::: Available data :::

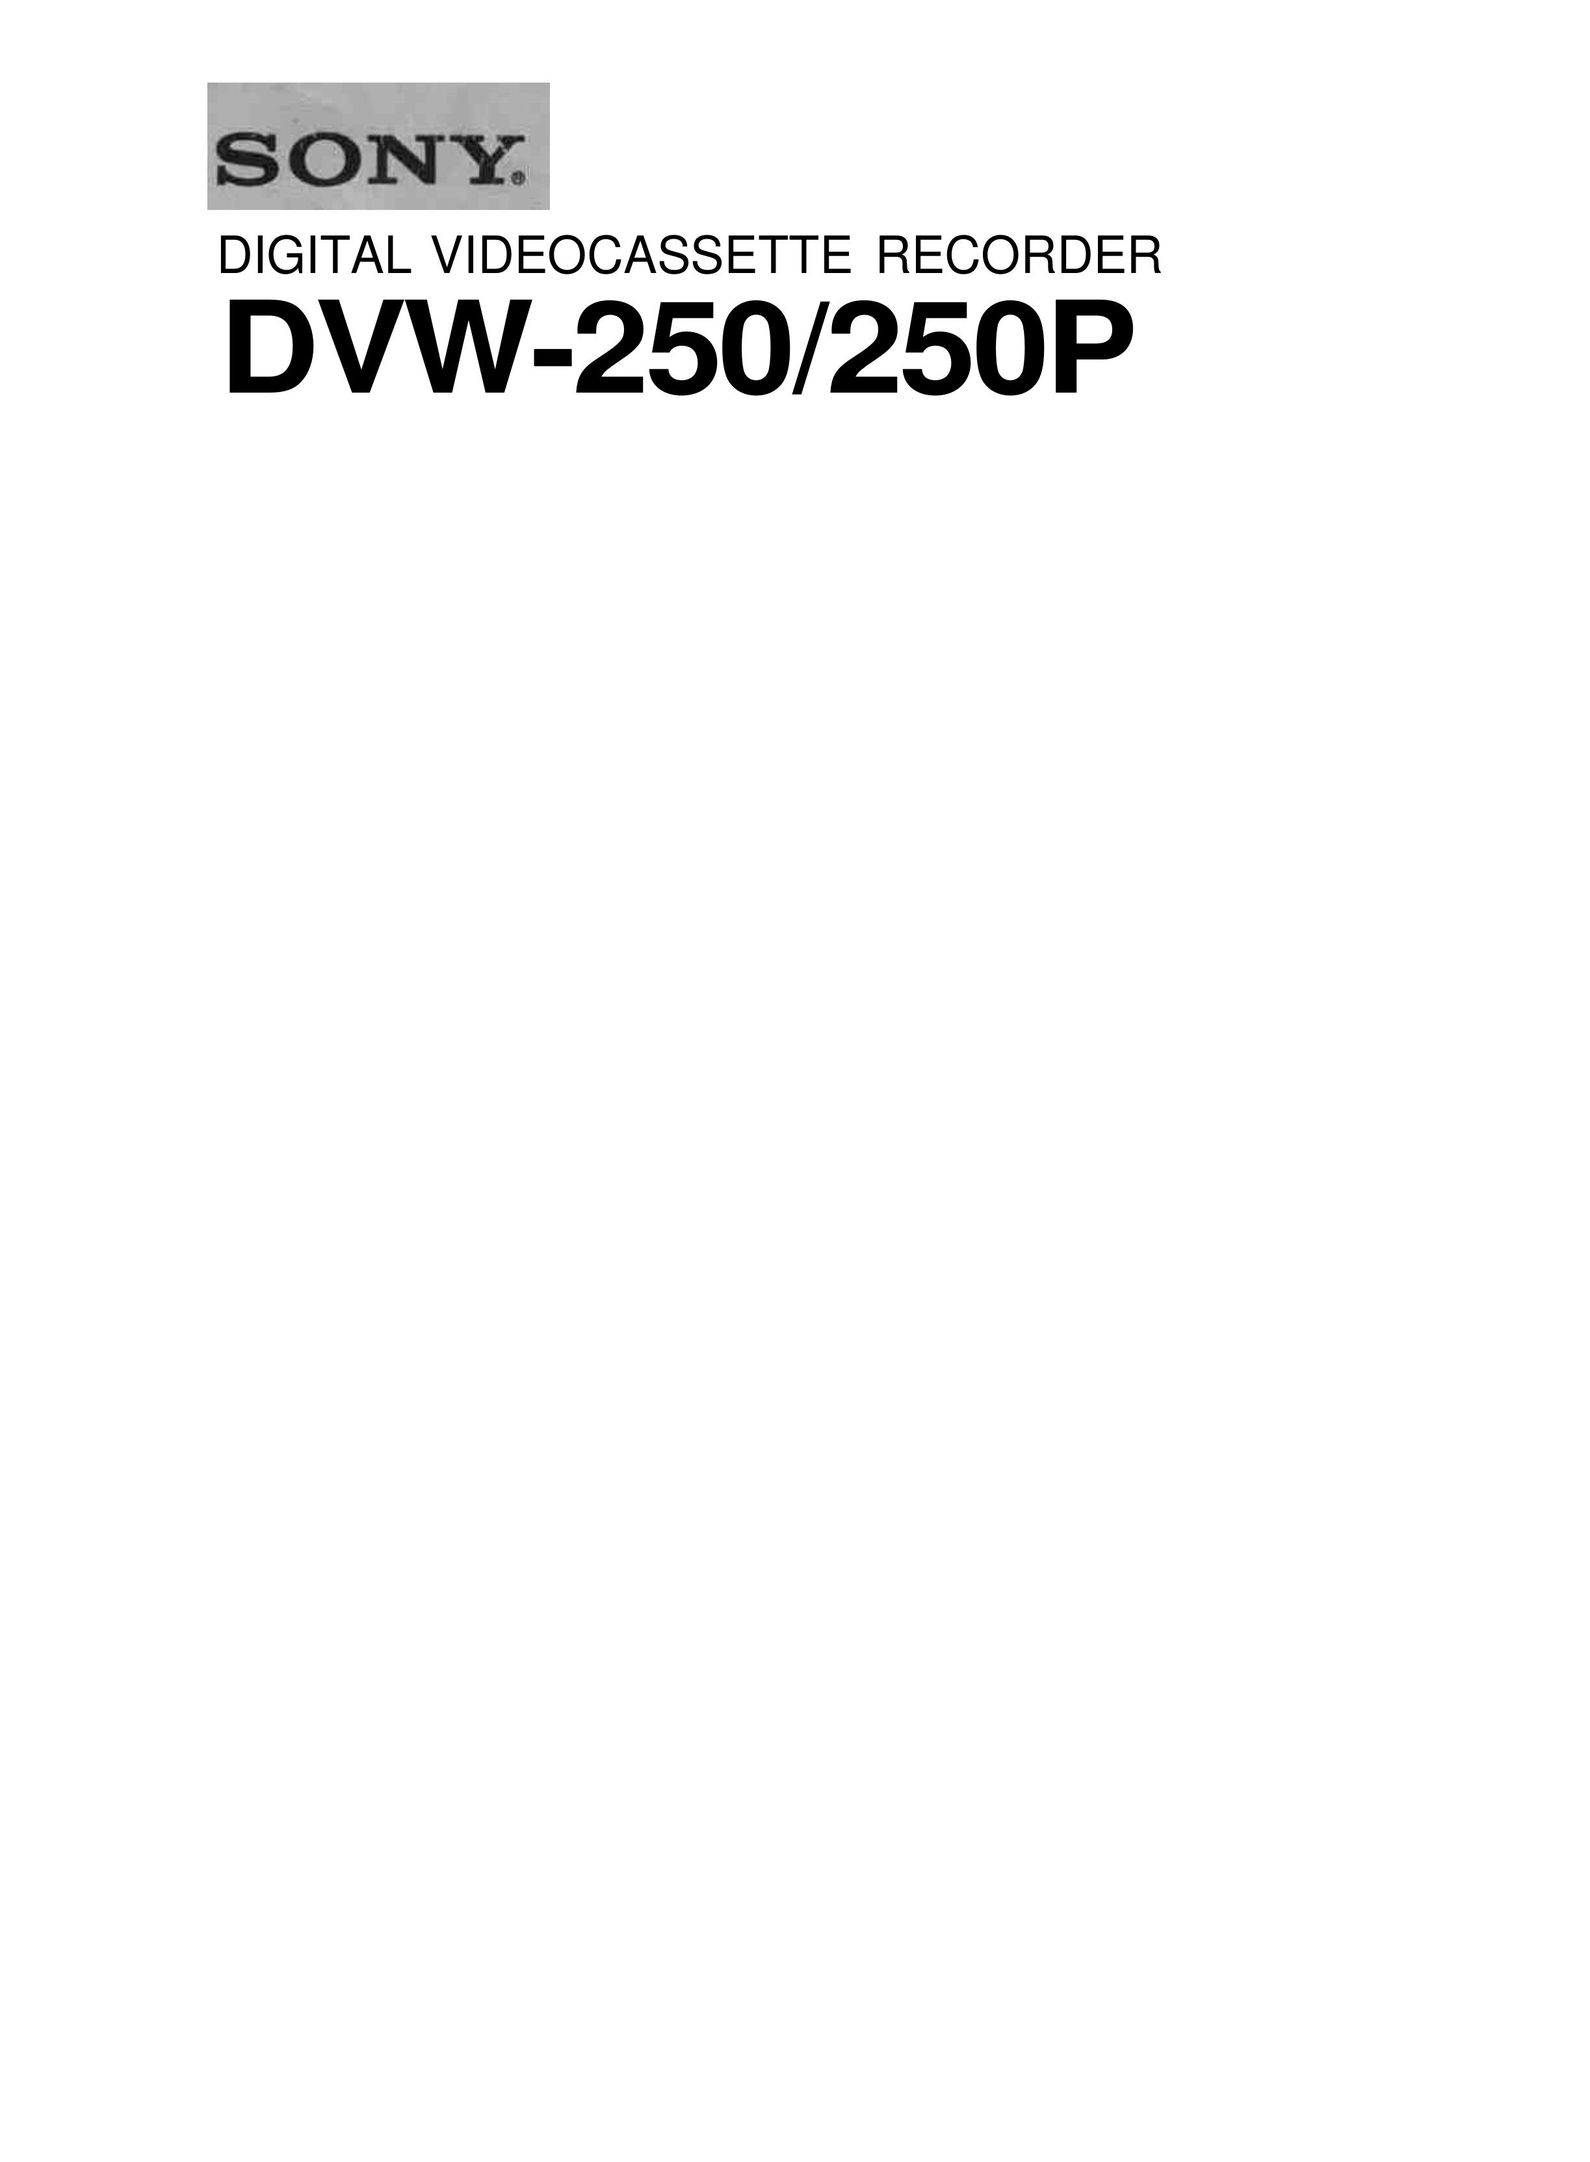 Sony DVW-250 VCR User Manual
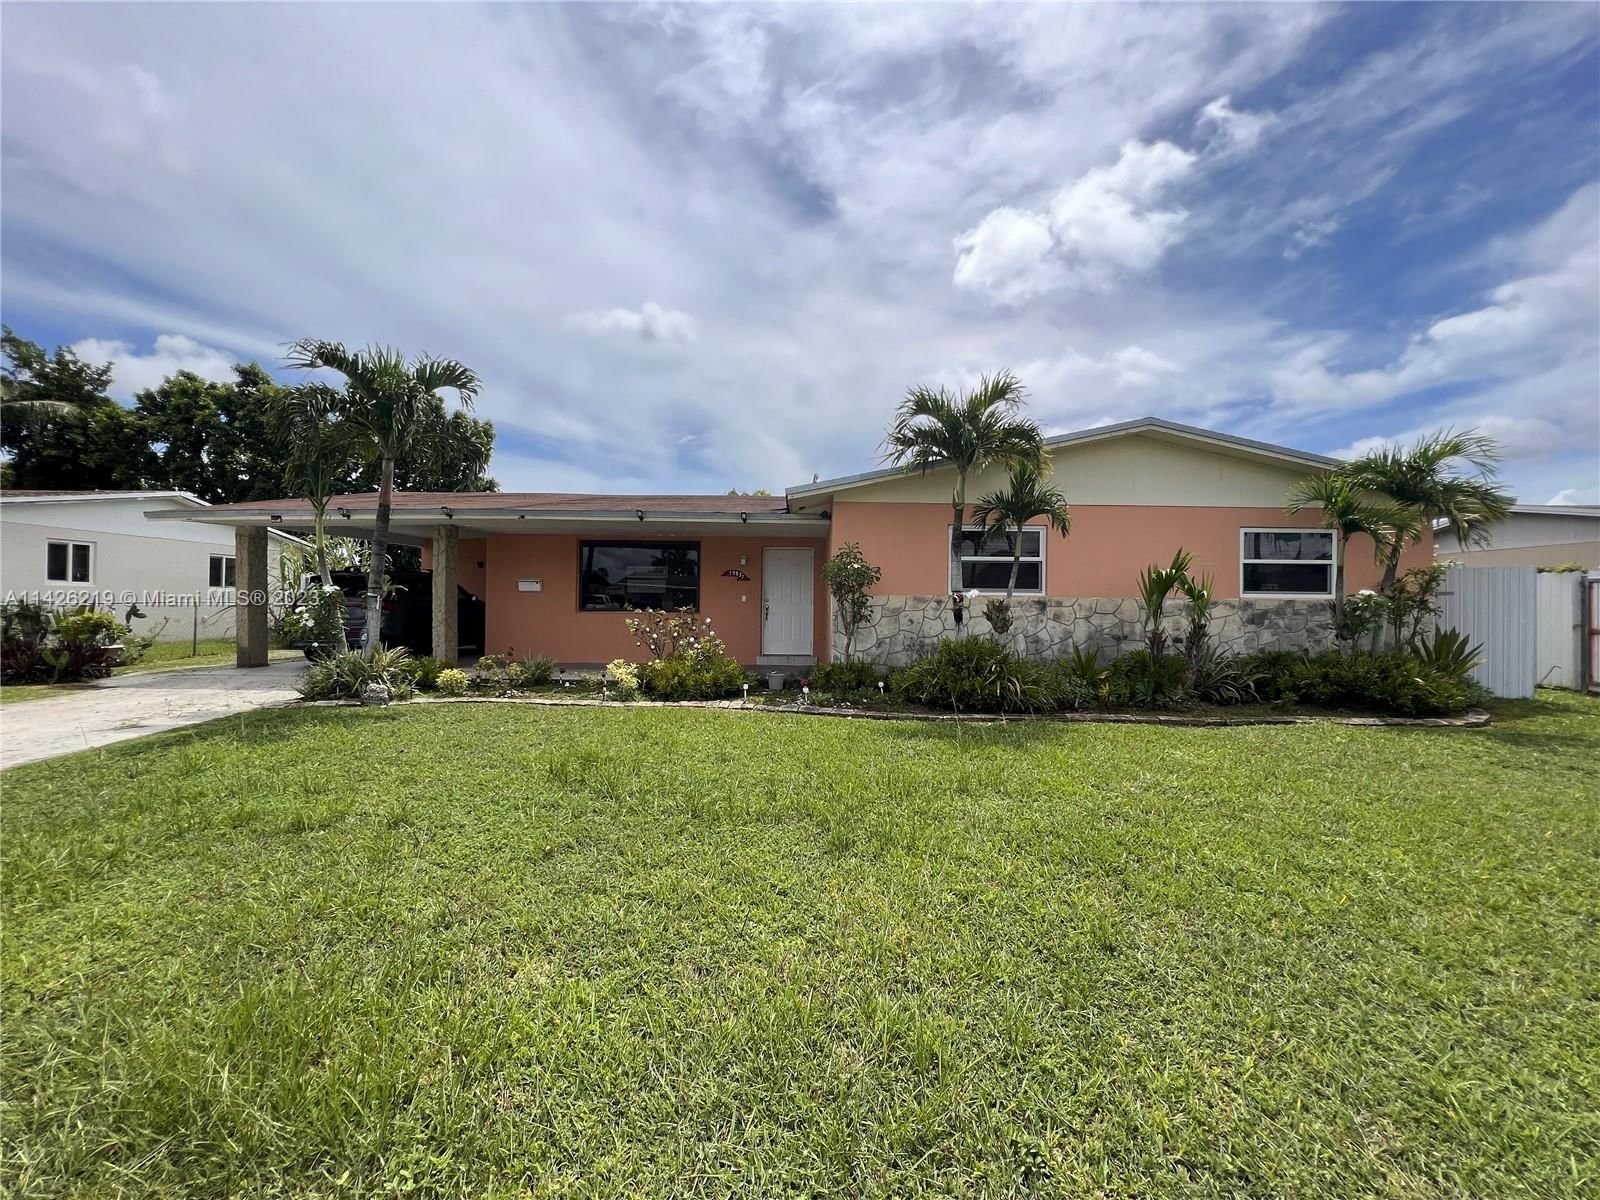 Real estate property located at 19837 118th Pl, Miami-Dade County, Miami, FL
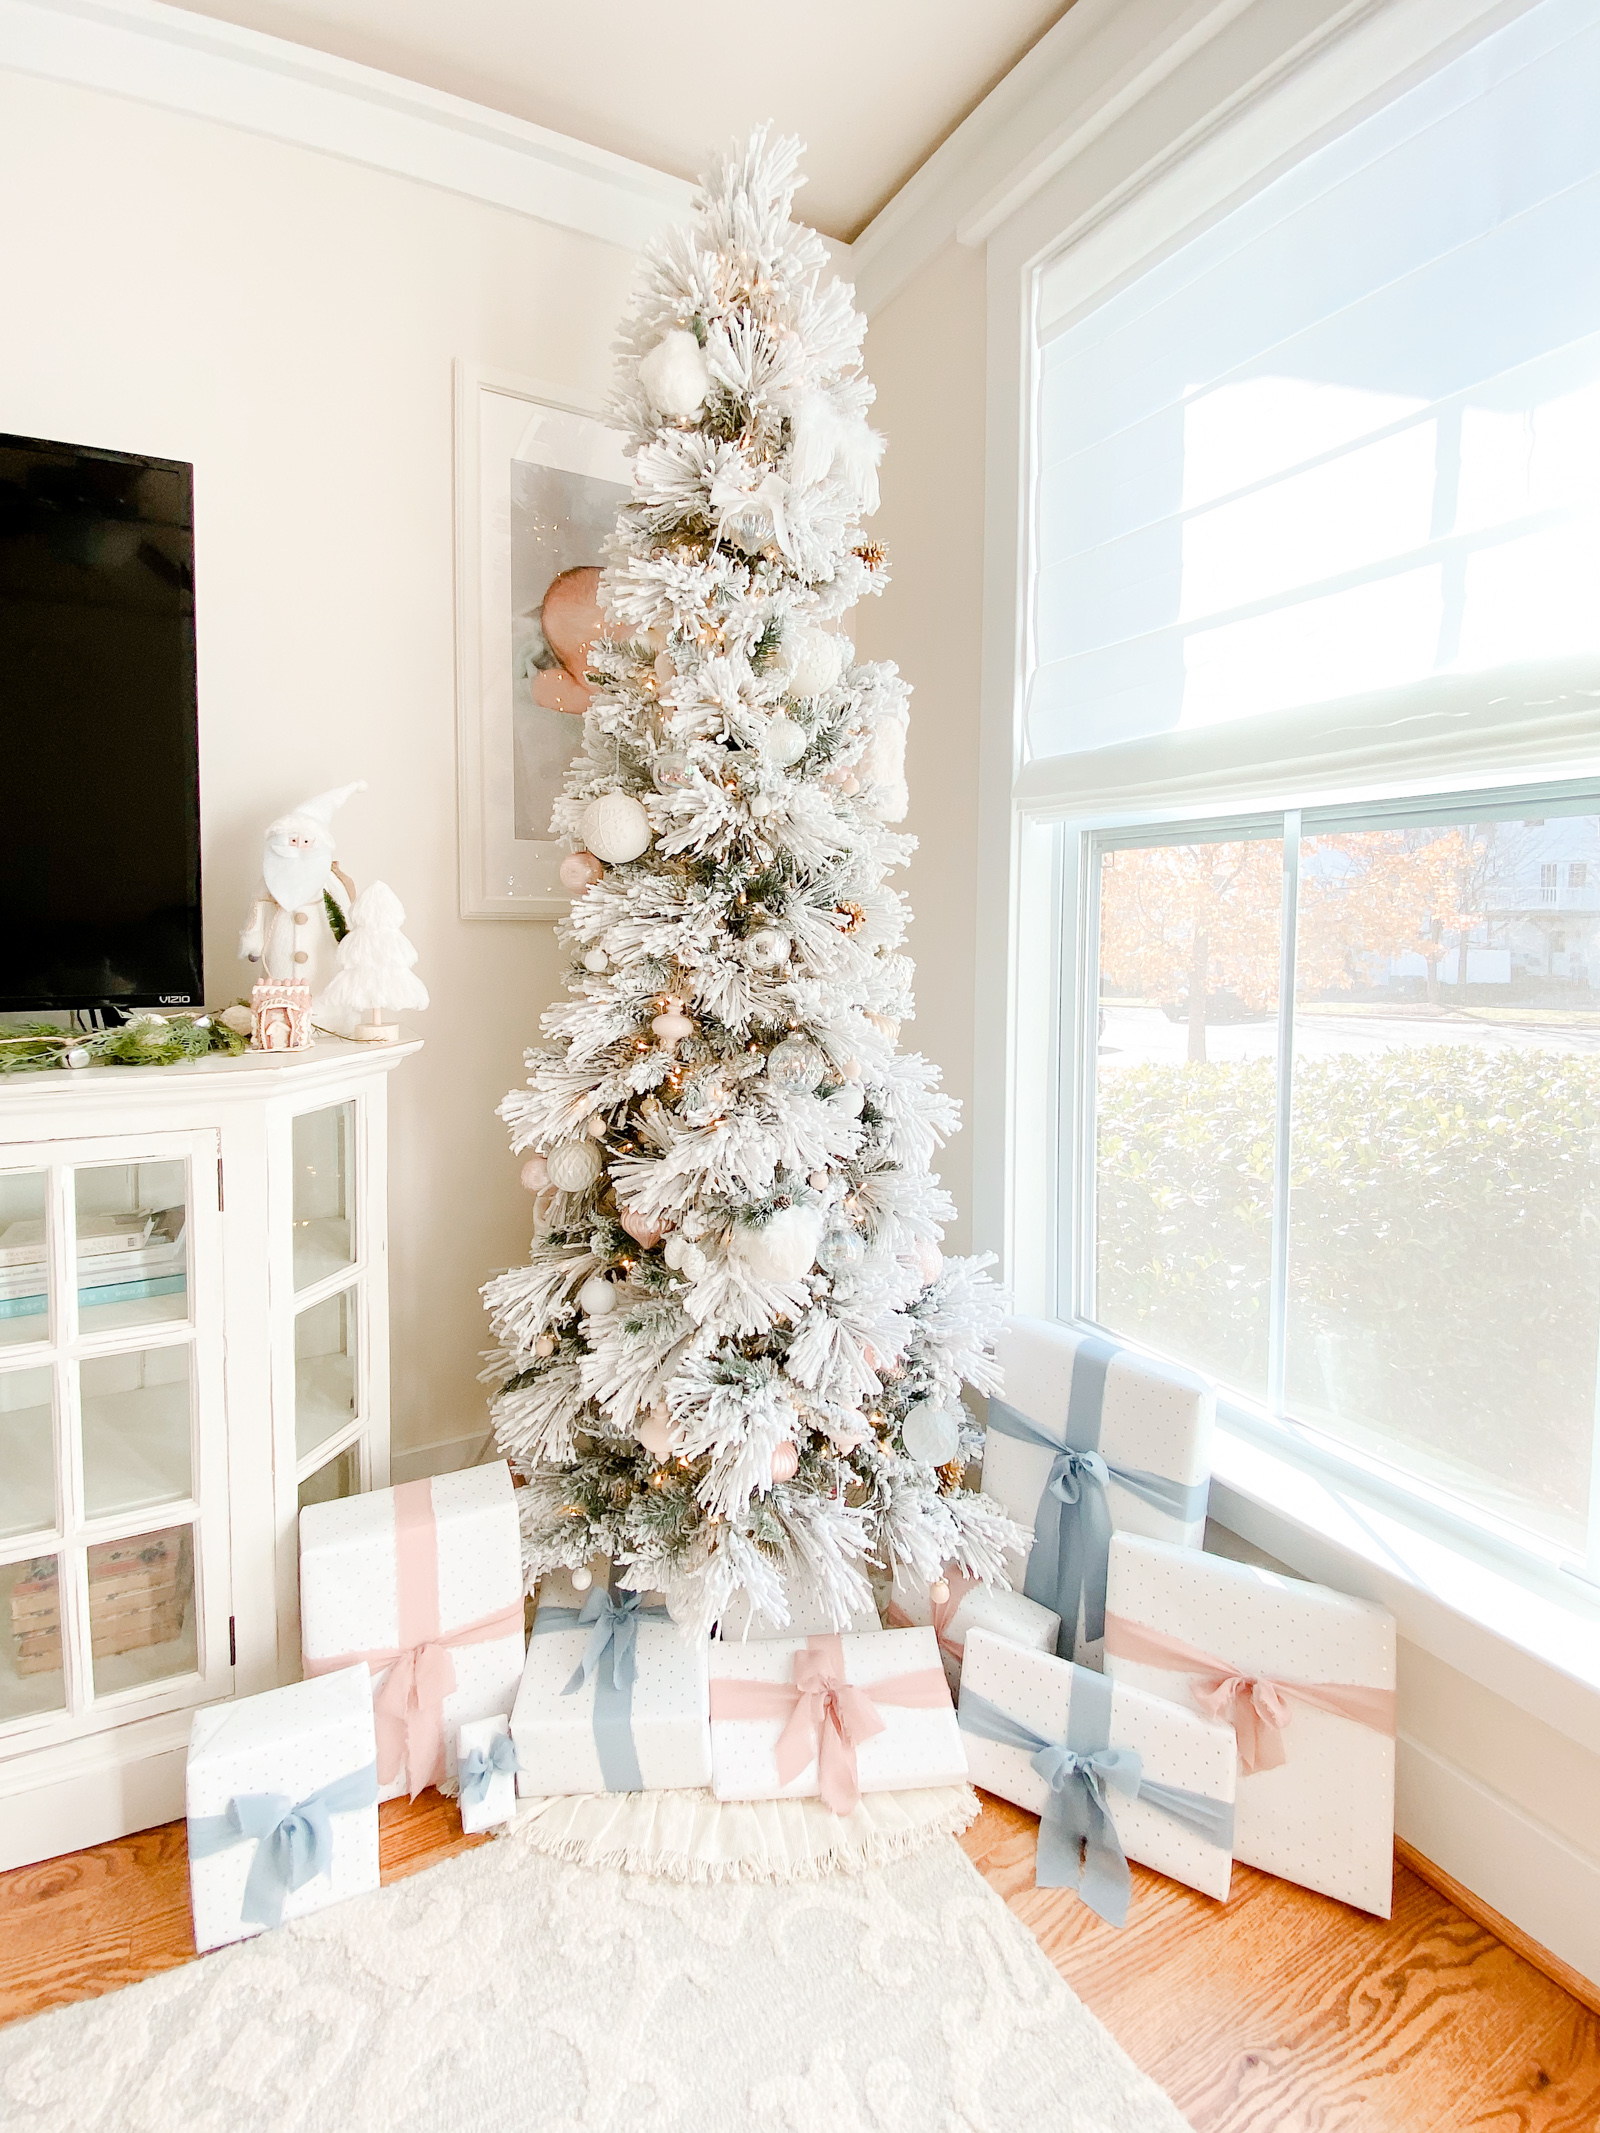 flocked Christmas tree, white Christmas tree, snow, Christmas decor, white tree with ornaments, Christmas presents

:::

Please retype the data exactly as it appears, but without any of its pictures.

 Sony DVW-250 VCR User Manual
 Real estate property located at 19837 118th Pl, Miami-Dade County, Miami, FL
 flocked Christmas tree, white Christmas tree, snow, Christmas decor, white tree with ornaments, Christmas presents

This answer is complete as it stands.